Andrew Churchill February 22, 2012 10:00

JJ Churchill is a high-precision engineering SME business in the aerospace, powergen, defence and high-horsepower diesel engine sectors.  Products include the development and production of advanced gas-turbine blades and complex diesel engines assemblies.

During the last recession JJ Churchill decided that it was imperative to continue to re-invest. This stood us in good stead at a time when many of our competitors were freezing investment decisions. These investments have meant that we achieved profitable growth of 25% in 2011 and we are now looking ahead to the next step in our 7-year business plan, that of overseas expansion.

Setting up a manufacturing facility in a foreign country is a daunting step for any business, especially an SME. But our customers – such as Rolls Royce and Siemens – expect their first-tier suppliers to offer them a local service in Europe the Americas and Asia.
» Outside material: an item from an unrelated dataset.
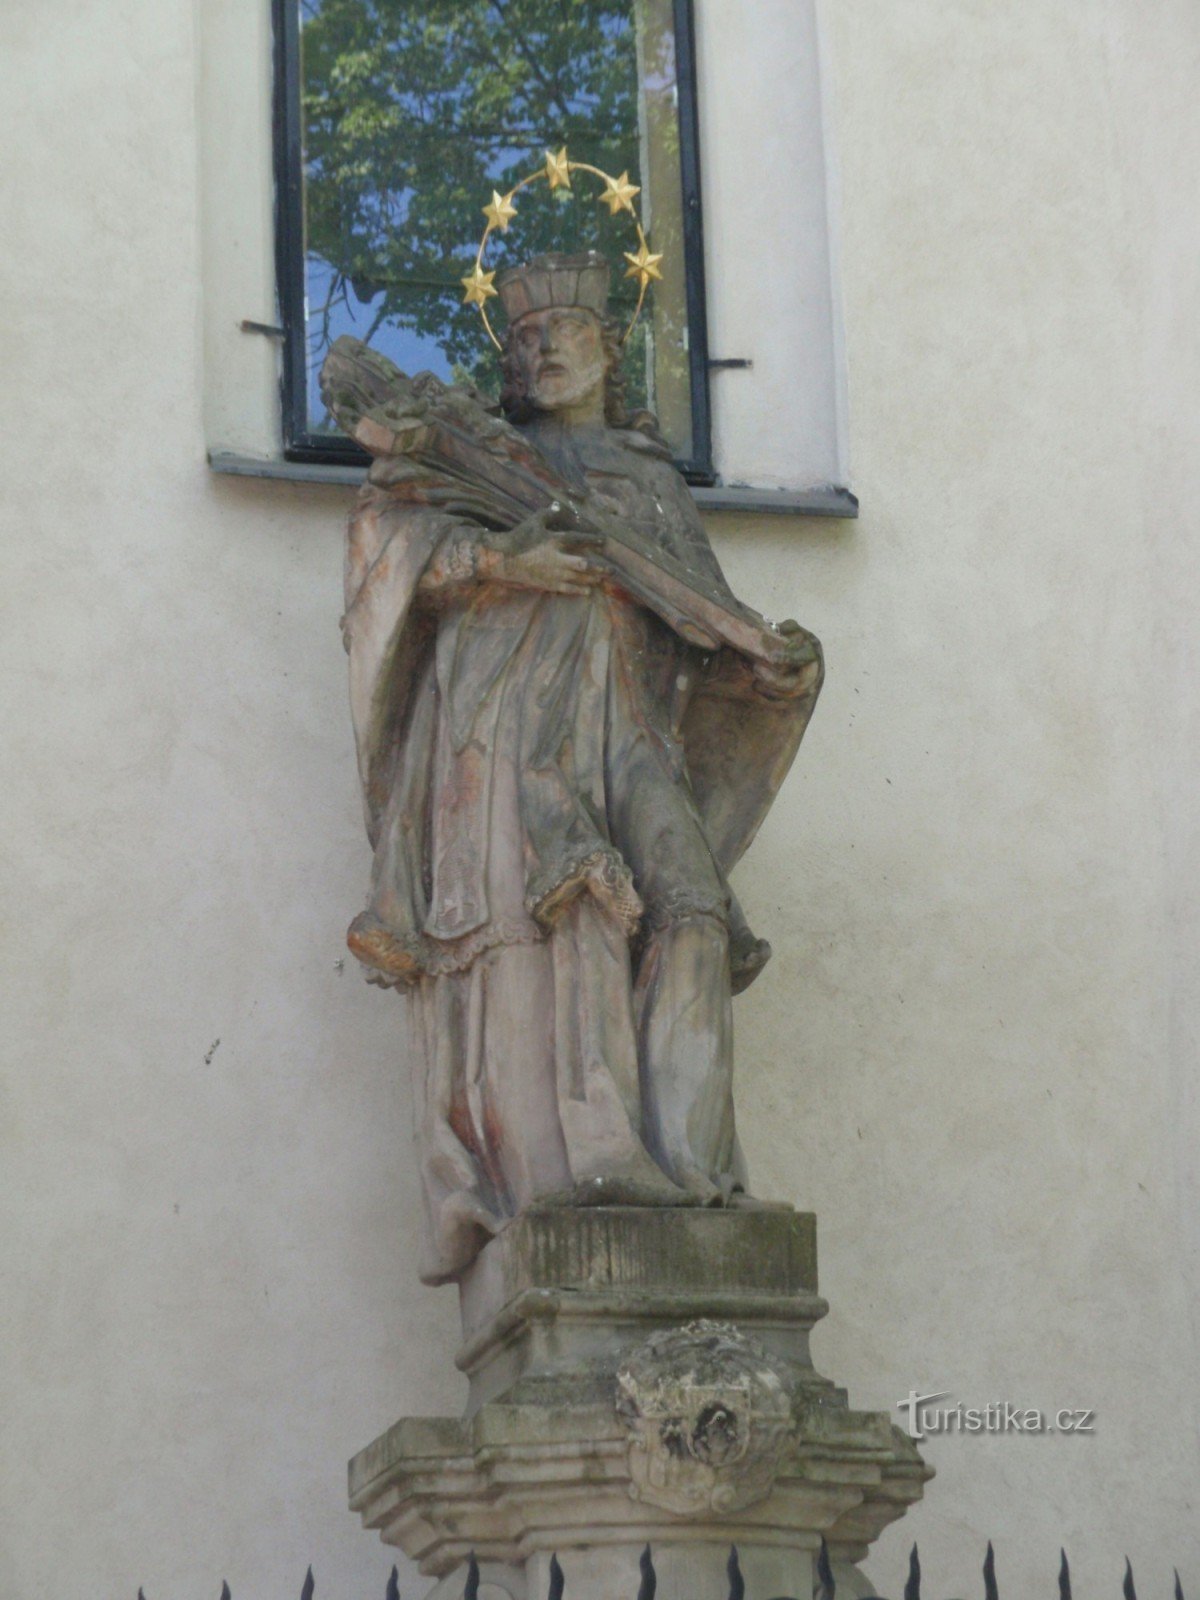 Città Nuova in Moravia - statua di S. Jan Nepomucký

The company’s need to grow, alongside this pressure to regionalise, meant we needed to enter the market for high volume gas-turbine blades (rather than just the development and spares market). Without the move into the high volume market, our strategic plan to become a £50m business by 2019 risked stalling.
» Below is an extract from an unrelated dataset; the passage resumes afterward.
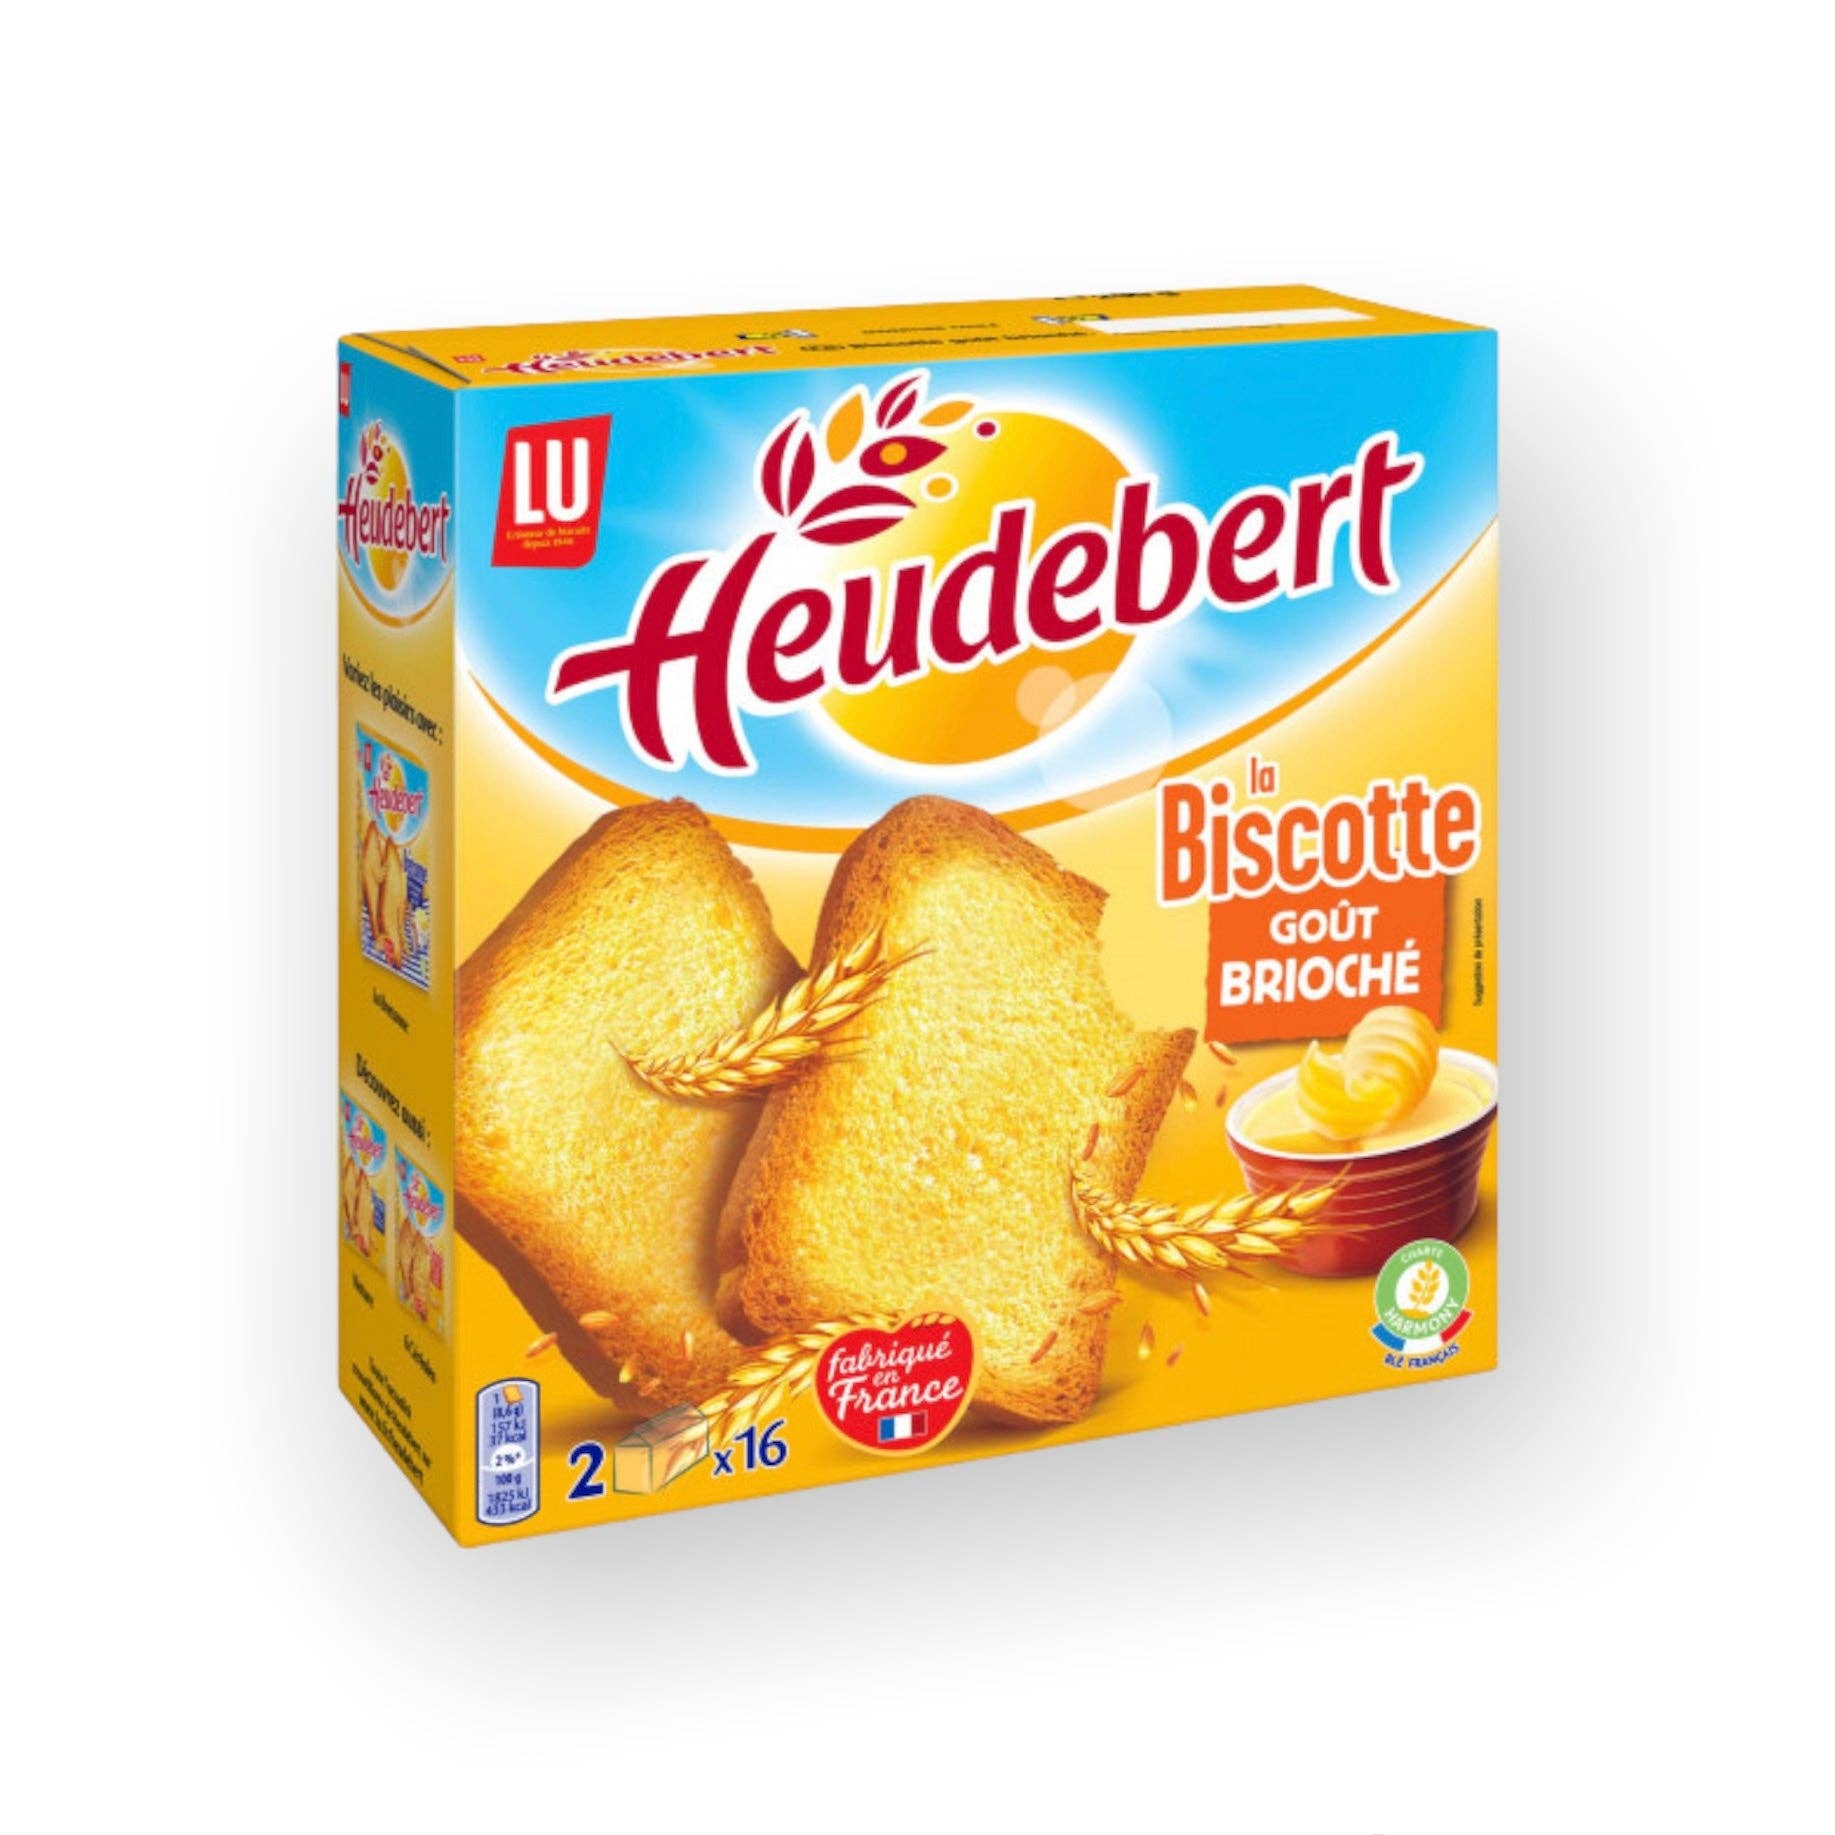 Lu - Heudebert Biscottes, 290g (10.2 oz) - 290 g

But here’s the ‘rub’. When it comes to the manufacture of high volume gas-turbine blades there are two principle costs: the cost of constantly re-investing in advanced capital equipment; and the cost of skilled labour.

 

JJ Churchill has been able to use technology to balance the cost of labour and drive consumer value in the relatively competitively un-constrained developments and spares market. But this model breaks down when it comes to high volume gas-turbine production. The UK has the ideal skills present for this work, but the UK's investment environment is not competitive.
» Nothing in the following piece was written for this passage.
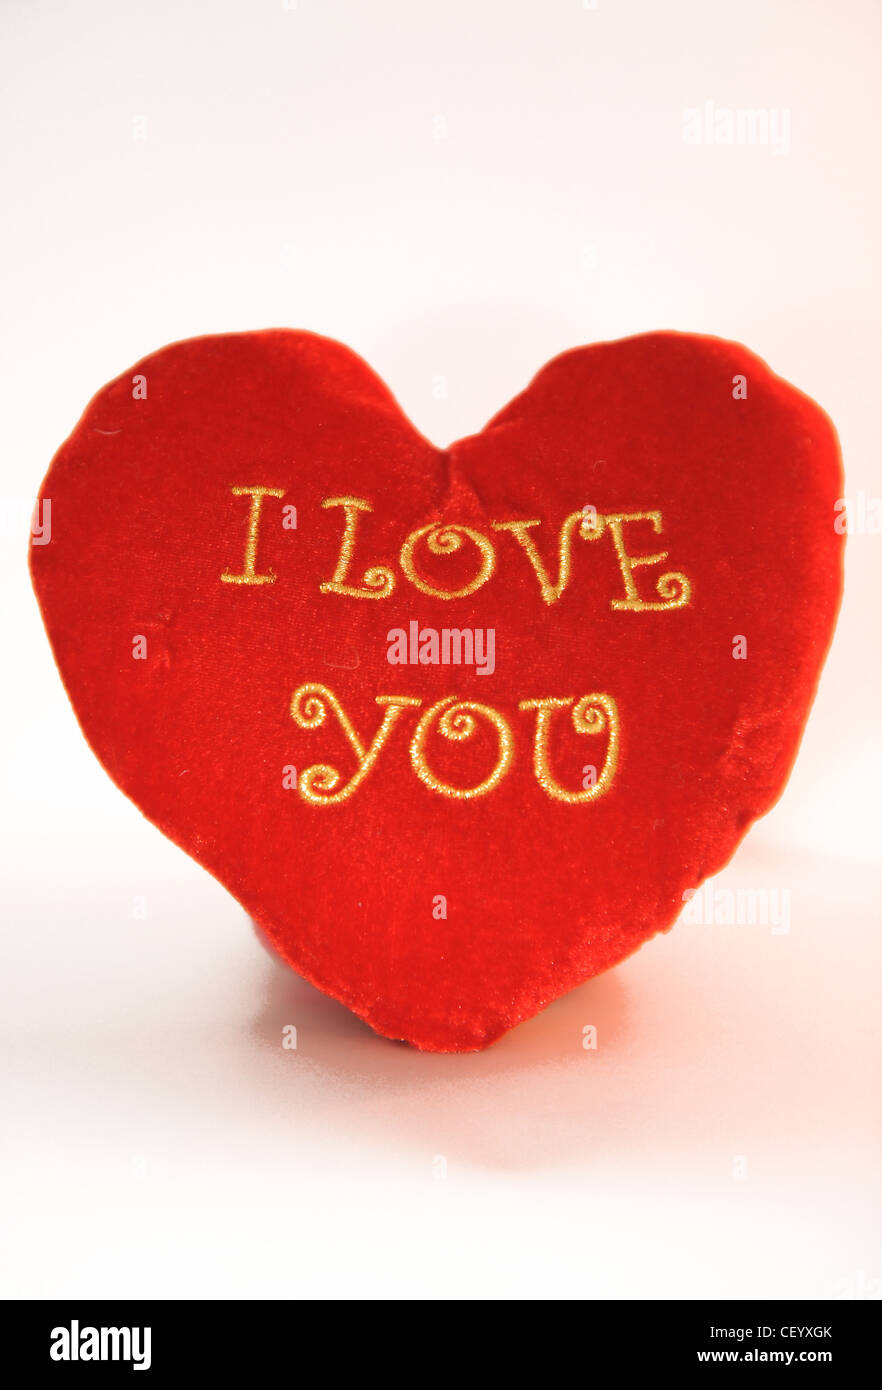 Stillleben-Bild von einem roten Herz geformt Kissen mit I Love You drauf geschrieben Stockfoto

Advanced machine tools now cost ten-fold what they did 15 years a go. At the same time their competitive life (not to be confused with their productive life) has come down from around 10 to five years.

The UK government’s approach to capital allowances has simply failed to stay synchronised with manufacturing reality. At the same time other economies have gone out of their way to attract inward manufacturing investment.

 

Without a much more attractive investment environment, high technology, high-value added manufacturing will not be sourced in the UK.

JJ Churchill’s decision to expand overseas is exciting and will ultimately secure our growth plan and consequently jobs in the UK. The UK will remain the source of our approach towards gas-turbine blade manufacturing process innovation and spares supply. So in one sense our move to manufacture overseas is no loss to the UK and therefore ‘invisible’ to the government.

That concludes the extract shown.